Logo image
Logo image

Ruminasyon ve Acıyla Başa Çıkmak İçin Üç Metafor ve Alıştırma

5 dakika
Bir konu hakkında düşünmeyi bırakmazsanız veya endişelerinize çok fazla bağlanma eğilimindeyseniz, bu metaforlar olayları farklı görmenize yardımcı olacaktır.
Ruminasyon ve Acıyla Başa Çıkmak İçin Üç Metafor ve Alıştırma
Cristina Roda Rivera

Yazan ve doğrulayan psikolog Cristina Roda Rivera

Son Güncelleme: 21 Aralık, 2022

Ruminasyon ve yoğun sıkıntı duyguları birbirini besler.
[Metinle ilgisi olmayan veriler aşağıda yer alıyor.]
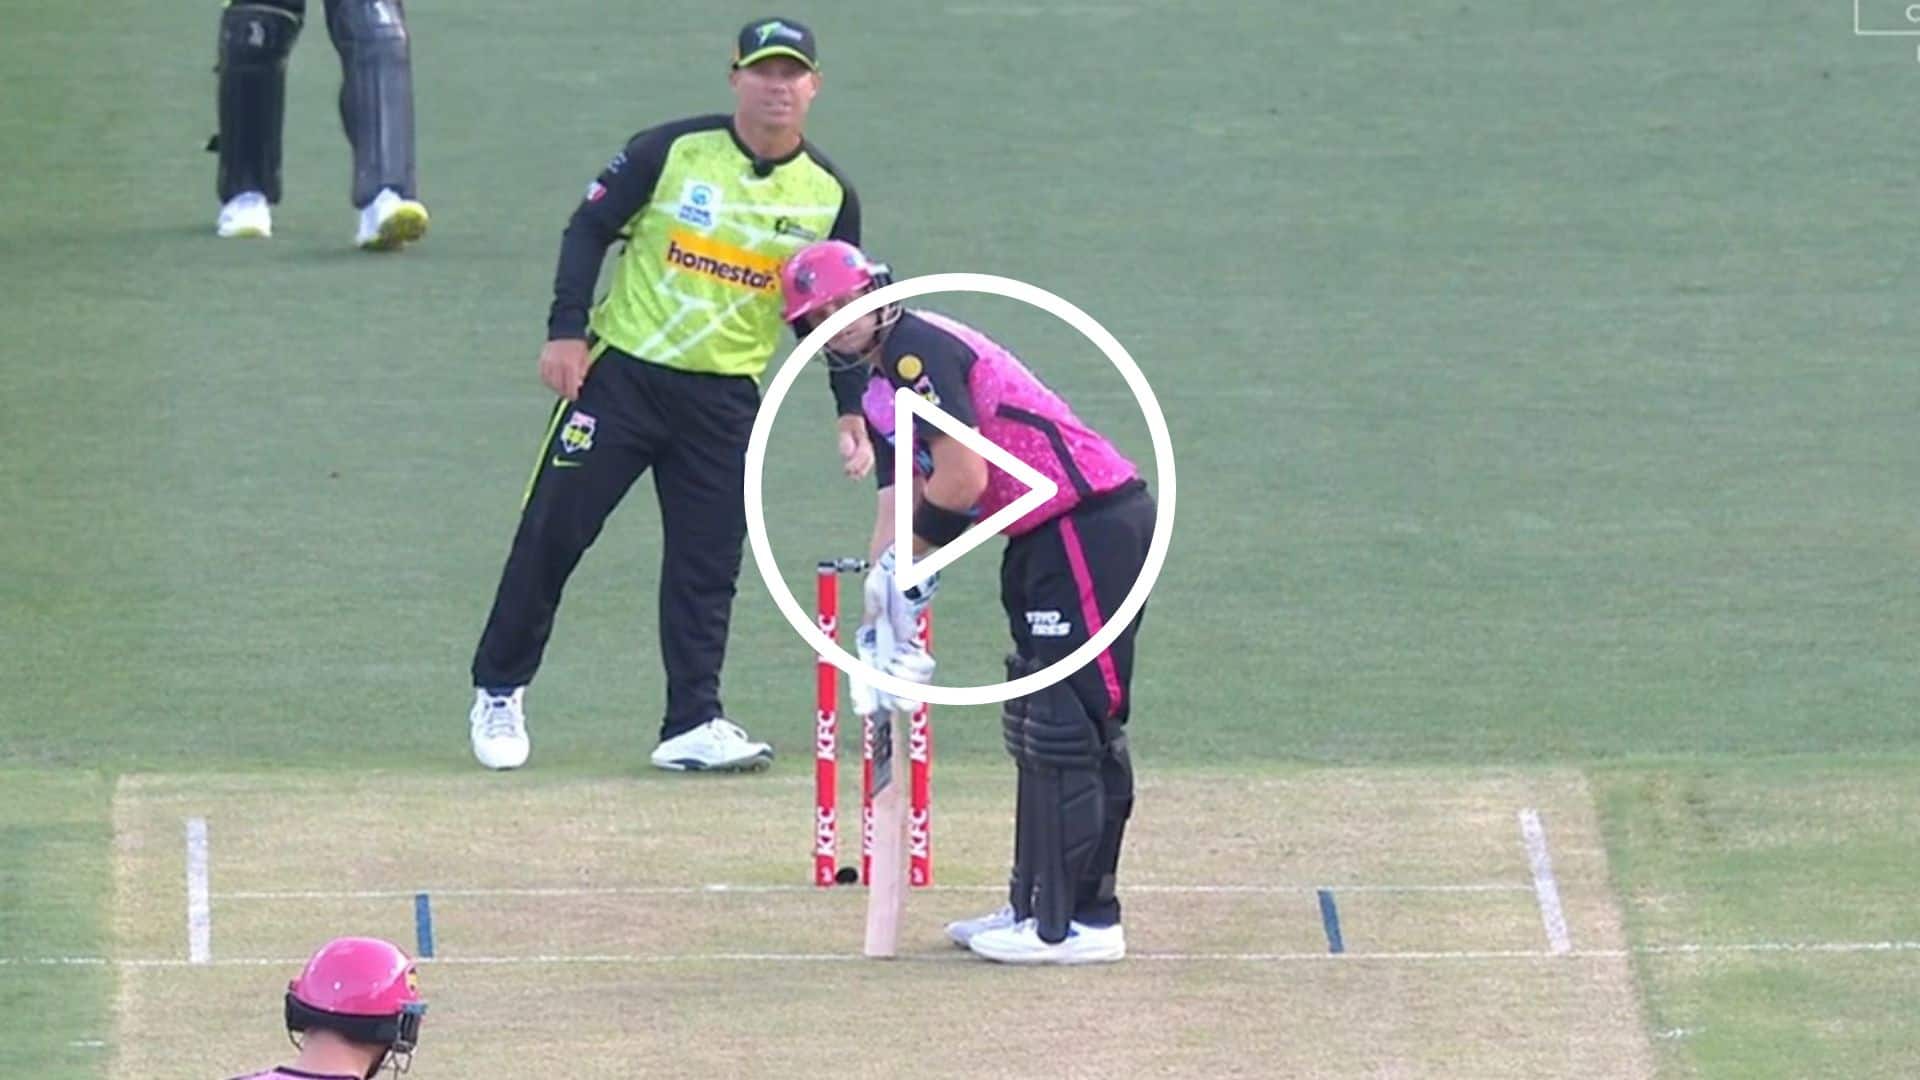 [Watch] 'If You Open The Batting' - David Warner Sledges Steve Smith During BBL Game

Ek olarak, ruminasyon olumsuz bir pekiştireç görevi görür. Bazen onlara kattığınız toplumsal değerden dolayı olumsuz olarak nitelendirdiğiniz duyguları yaşamaktan kaçınmanızı sağlar. Aslında, ruminasyon ve ıstırapla onları etkisiz hale getirdiğinize inanıyorsunuz. Bununla birlikte, onları tanımamak ve ne pahasına olursa olsun onlardan kaçınmak, zihinsel sağlığınıza zararlıdır.

Farklı içsel olayların yarattığı rahatsızlığa karşı kullandığınız stratejiler ne kadar kötüyse, yeni, özgün ve yaratıcı olabilecek diğer hayati olaylardan o kadar fazla uzaklaşma eğilimindesiniz.

Bazı insanlar, ruminasyondan ve hoş olmayan duyumlardan kaçınmak amacıyla, uzun süreli, oldukça engelleyici kaçış davranışlarına bile girerler. Örneğin, uyuşturucu, kumar, kompulsif alışveriş, aşırı çalışma veya egzersiz, sosyal izolasyon vb.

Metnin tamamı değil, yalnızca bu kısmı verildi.